= Protestantism in Qatar =

Qatar has a population of approximately 3 million people. About 13.7% (409,000 people) are Christian. This includes a large number of migrant workers who follow Catholic, Orthodox or Protestant beliefs. In 2000, the number of Protestants was estimated at 1% of the population and the Anglicans (being classified otherwise there) at 1.4% for the same year.

A hospital was founded in Doha in 1947, in cooperation with Protestants, in particular one started by Mary Bruins Allison, (a missionary doctor from the Reformed Church of America).

In May 2005, five Christian Churches (including the Anglican Church in Qatar) were officially recognized by the Qatari government of Qatar. Smaller denominations are not recognised by the government, but are allowed to hold services if they do so under the protection of a recognised church.

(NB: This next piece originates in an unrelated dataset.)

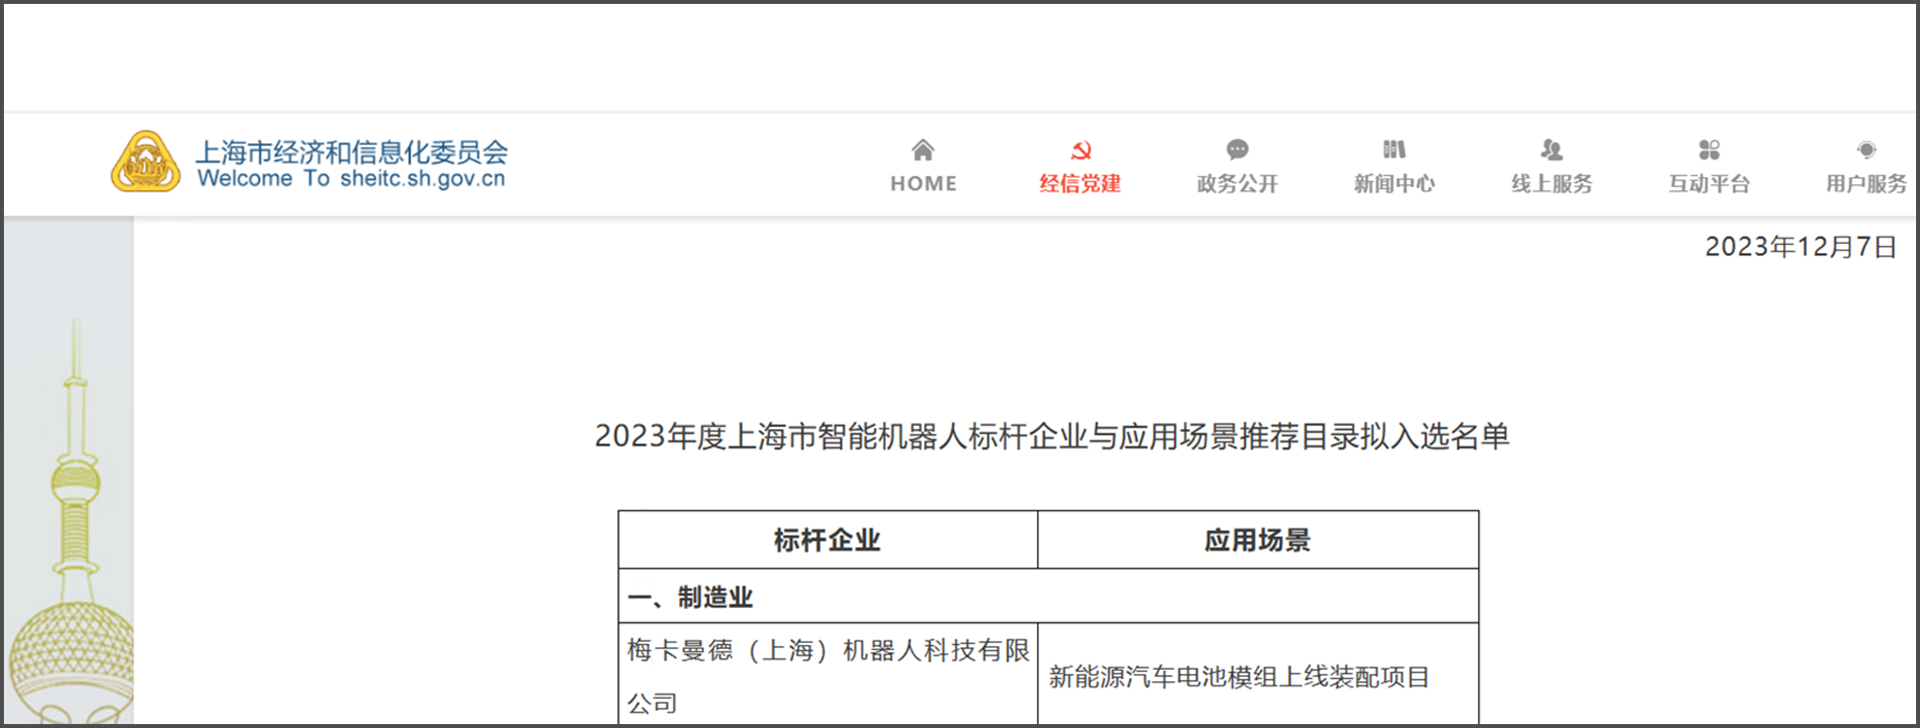 梅卡曼德再度入选《上海智能机器人标杆企业与应用场景推荐目录》
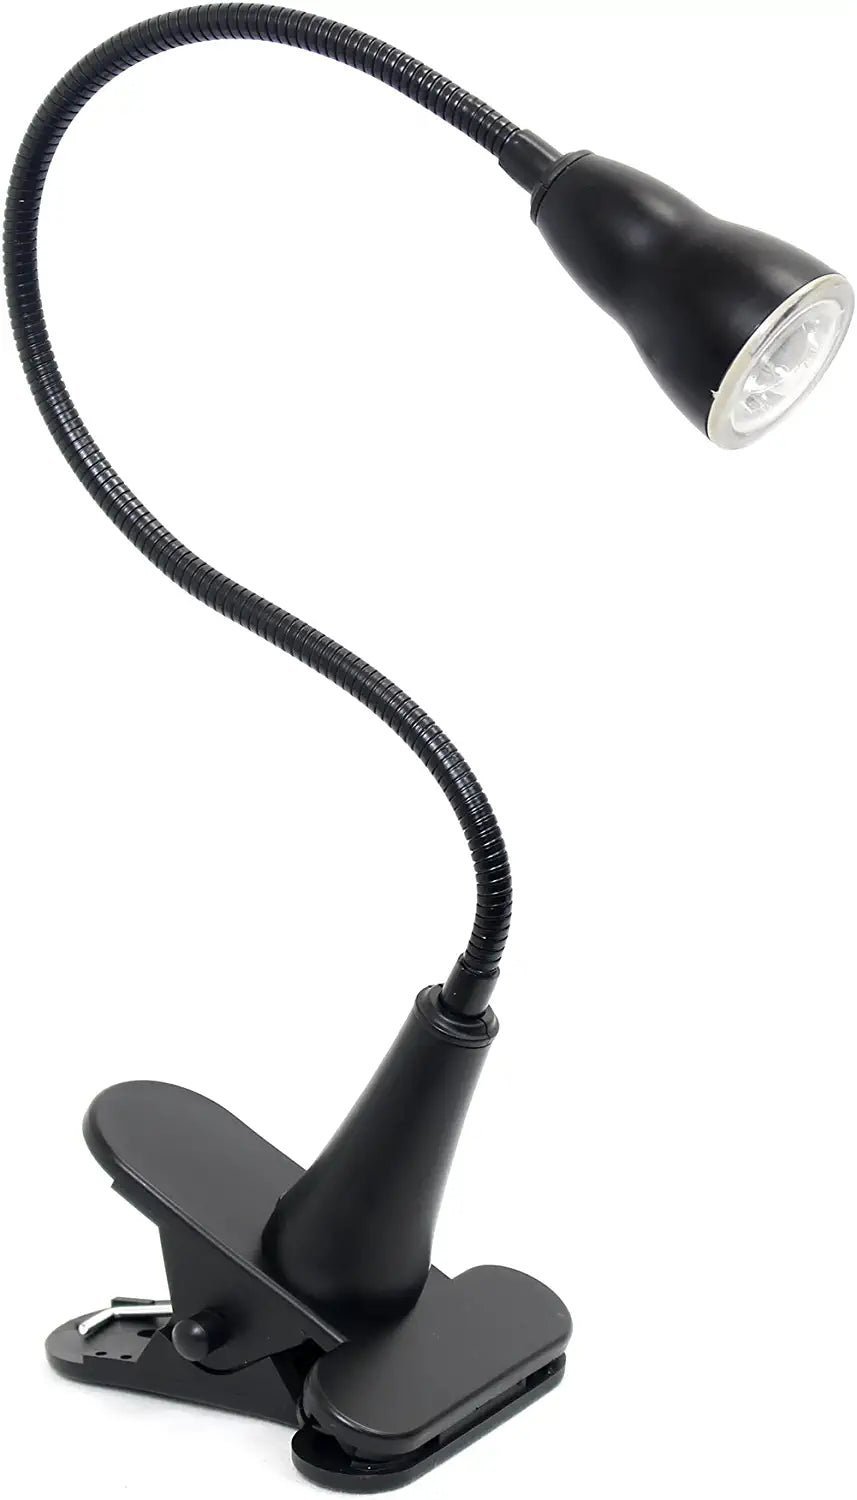 Simple Designs LD2015-BLK Basic 1W LED Gooseneck Flexible Clip Light Desk Lamp, Black Visit the Simple Designs Store

The Anglican church was then given permission to build the Anglican Centre and the centre opened in 2013. The centre has 26 different worship spaces with 15,000 seating capacity and is used by more than 85 Christian groups, including several Evangelical, Pentecostal and other Protestant congregations. During a normal week, there are between 16,000-25,000 worshippers from 65 countries in over 150 worship services.

Christian religious literature in English is available in bookstores. However, proselytizing is illegal, with a punishment of up to seven years in prison.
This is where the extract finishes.